(Records for processing):
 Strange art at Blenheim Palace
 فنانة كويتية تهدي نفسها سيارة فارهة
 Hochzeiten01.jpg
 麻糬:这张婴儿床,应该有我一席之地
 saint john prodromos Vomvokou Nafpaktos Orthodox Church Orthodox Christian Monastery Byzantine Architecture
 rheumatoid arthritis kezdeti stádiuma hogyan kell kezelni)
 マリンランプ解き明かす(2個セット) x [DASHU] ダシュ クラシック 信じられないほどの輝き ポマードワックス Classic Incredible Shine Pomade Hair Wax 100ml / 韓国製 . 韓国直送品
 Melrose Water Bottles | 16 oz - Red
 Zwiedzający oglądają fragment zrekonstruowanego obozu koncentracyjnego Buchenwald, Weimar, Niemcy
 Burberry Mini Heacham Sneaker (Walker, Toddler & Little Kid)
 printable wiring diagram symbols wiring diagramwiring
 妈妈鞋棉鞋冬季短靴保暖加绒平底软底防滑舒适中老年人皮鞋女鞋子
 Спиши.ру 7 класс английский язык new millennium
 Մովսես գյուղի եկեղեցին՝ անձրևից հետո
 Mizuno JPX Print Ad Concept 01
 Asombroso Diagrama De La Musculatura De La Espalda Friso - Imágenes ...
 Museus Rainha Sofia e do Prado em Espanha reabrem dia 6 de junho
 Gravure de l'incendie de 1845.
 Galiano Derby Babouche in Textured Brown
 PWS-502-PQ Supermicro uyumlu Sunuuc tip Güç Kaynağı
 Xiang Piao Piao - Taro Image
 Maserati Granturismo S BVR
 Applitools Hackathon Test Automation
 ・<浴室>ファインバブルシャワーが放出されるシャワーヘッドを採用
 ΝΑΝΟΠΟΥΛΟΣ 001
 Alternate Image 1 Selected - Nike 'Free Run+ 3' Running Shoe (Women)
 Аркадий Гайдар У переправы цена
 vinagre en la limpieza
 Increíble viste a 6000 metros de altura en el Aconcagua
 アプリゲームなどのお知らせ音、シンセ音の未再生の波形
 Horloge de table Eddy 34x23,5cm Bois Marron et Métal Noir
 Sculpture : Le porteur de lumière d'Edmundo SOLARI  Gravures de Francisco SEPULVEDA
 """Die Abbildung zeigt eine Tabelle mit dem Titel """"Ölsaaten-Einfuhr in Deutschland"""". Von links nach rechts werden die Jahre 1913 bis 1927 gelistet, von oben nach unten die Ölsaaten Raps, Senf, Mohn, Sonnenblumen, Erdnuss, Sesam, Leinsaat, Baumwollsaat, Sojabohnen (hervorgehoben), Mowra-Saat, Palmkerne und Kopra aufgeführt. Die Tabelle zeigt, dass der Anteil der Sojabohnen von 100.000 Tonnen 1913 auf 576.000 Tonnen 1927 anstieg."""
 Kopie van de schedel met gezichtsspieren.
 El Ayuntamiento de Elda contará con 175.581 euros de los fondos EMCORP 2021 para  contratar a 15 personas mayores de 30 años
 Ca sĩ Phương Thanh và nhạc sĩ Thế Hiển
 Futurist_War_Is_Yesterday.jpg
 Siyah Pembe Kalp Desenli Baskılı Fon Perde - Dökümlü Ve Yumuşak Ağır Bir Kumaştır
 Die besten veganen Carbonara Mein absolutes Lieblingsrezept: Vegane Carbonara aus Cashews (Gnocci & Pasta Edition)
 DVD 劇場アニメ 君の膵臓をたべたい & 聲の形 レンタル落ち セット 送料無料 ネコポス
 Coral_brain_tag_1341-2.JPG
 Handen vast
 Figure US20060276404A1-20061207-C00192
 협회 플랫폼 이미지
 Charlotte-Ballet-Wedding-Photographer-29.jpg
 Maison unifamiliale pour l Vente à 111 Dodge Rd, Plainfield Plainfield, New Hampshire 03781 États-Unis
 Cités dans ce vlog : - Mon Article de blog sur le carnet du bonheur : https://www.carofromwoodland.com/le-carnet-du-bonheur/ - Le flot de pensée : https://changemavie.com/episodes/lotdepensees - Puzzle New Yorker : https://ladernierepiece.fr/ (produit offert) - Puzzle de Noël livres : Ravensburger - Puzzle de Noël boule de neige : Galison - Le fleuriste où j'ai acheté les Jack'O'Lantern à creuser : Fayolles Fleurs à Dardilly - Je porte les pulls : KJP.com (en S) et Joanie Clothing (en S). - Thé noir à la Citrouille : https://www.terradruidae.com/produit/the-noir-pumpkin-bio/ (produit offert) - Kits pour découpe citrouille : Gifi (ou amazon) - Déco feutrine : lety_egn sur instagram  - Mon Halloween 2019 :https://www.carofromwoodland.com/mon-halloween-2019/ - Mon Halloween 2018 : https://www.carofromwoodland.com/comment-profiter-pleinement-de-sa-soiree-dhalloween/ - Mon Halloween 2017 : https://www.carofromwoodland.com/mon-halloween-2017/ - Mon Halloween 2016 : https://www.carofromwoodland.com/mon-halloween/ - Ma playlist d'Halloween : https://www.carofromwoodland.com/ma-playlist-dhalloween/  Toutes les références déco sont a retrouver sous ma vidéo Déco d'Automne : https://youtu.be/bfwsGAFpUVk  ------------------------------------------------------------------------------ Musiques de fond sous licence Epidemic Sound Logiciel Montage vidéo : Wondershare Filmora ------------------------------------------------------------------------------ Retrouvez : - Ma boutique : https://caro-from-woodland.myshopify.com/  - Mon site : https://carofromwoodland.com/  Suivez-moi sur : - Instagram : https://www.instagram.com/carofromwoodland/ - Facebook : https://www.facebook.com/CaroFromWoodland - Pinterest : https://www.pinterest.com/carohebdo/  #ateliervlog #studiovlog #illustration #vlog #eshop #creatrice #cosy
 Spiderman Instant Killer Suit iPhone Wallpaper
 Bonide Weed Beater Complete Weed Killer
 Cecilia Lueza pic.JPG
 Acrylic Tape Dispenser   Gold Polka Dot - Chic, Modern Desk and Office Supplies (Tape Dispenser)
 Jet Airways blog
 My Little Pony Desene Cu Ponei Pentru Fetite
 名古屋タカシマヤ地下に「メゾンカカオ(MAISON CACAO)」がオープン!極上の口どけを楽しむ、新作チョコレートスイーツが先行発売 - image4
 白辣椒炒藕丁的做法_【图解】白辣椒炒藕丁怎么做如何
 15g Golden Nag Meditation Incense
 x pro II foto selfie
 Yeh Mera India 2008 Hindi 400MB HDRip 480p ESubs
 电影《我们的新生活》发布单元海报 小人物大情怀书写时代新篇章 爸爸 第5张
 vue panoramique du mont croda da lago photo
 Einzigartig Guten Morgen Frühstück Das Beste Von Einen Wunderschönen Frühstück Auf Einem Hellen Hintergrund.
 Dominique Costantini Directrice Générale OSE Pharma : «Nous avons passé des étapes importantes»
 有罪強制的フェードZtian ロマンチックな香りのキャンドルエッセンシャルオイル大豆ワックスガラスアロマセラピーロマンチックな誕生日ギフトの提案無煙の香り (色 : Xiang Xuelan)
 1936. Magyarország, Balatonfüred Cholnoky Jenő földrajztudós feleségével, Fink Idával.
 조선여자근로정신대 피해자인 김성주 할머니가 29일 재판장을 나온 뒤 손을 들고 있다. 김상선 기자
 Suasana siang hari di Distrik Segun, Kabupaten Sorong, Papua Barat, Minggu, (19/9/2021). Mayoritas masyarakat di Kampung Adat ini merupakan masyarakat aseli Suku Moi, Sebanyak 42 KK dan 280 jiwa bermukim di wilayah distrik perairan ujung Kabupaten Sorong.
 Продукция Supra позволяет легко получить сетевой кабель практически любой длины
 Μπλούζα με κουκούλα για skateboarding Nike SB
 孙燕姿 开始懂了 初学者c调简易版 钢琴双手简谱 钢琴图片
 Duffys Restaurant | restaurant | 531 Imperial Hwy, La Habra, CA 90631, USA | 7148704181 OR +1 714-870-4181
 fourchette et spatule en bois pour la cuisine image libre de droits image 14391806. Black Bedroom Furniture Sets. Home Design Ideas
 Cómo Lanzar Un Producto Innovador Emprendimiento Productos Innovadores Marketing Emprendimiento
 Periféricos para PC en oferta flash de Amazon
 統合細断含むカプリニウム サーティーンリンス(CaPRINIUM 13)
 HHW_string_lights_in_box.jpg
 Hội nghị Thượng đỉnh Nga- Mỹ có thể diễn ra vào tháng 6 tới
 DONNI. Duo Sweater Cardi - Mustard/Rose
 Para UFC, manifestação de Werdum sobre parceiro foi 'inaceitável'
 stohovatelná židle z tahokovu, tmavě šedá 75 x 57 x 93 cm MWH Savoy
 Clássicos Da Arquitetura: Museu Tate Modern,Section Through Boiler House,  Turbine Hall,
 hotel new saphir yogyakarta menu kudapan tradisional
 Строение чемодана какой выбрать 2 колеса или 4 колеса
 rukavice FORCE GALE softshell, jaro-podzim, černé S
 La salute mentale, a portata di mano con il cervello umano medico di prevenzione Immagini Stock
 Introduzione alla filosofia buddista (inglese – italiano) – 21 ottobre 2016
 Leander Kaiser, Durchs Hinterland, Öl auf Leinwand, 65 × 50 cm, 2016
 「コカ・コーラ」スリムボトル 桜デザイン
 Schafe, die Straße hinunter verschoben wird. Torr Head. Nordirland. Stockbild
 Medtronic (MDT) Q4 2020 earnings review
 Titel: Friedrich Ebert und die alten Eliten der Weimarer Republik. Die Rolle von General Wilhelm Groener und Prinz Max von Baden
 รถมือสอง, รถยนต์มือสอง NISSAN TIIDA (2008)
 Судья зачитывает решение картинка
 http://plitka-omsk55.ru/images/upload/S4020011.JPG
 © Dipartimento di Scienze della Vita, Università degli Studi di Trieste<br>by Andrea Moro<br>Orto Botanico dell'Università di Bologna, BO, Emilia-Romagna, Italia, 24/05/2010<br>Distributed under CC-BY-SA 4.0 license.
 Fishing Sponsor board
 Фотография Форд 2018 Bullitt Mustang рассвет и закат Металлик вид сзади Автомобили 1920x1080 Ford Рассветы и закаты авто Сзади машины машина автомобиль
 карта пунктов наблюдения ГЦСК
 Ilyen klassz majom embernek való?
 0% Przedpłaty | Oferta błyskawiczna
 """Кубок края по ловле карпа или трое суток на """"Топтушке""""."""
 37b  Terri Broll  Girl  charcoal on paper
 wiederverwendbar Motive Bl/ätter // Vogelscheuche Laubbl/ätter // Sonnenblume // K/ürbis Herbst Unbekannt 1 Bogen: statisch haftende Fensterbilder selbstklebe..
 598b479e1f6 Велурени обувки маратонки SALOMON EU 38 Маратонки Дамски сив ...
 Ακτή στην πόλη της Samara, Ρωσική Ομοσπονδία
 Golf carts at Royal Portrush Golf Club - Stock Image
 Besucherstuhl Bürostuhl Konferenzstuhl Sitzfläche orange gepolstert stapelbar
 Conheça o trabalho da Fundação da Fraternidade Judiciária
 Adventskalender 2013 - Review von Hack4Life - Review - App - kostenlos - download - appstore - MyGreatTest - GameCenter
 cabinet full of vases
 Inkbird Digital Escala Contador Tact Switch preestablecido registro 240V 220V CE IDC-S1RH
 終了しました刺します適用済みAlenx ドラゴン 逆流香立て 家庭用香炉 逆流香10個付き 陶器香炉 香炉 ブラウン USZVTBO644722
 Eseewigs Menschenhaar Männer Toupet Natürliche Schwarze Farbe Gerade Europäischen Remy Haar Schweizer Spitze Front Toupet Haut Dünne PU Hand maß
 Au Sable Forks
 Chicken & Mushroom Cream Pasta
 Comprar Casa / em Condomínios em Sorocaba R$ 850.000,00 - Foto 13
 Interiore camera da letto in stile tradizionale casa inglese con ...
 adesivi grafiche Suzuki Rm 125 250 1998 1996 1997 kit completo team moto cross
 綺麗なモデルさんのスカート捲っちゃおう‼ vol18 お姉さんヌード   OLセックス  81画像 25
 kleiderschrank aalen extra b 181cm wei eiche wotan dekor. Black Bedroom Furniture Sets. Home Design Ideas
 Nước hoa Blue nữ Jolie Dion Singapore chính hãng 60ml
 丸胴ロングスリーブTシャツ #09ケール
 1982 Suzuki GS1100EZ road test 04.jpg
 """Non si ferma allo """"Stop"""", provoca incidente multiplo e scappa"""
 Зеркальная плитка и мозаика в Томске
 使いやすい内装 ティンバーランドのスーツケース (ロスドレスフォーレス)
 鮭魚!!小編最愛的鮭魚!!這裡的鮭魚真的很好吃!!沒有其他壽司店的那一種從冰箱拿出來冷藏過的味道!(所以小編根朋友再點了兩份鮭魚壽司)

(Exercise brief):
An exact copy of the lines above between the line holding "Increíble viste a" and the line holding "Sculpture : Le", inclusive, is the whole answer.

(Solved exercise):
 Increíble viste a 6000 metros de altura en el Aconcagua
 アプリゲームなどのお知らせ音、シンセ音の未再生の波形
 Horloge de table Eddy 34x23,5cm Bois Marron et Métal Noir
 Sculpture : Le porteur de lumière d'Edmundo SOLARI  Gravures de Francisco SEPULVEDA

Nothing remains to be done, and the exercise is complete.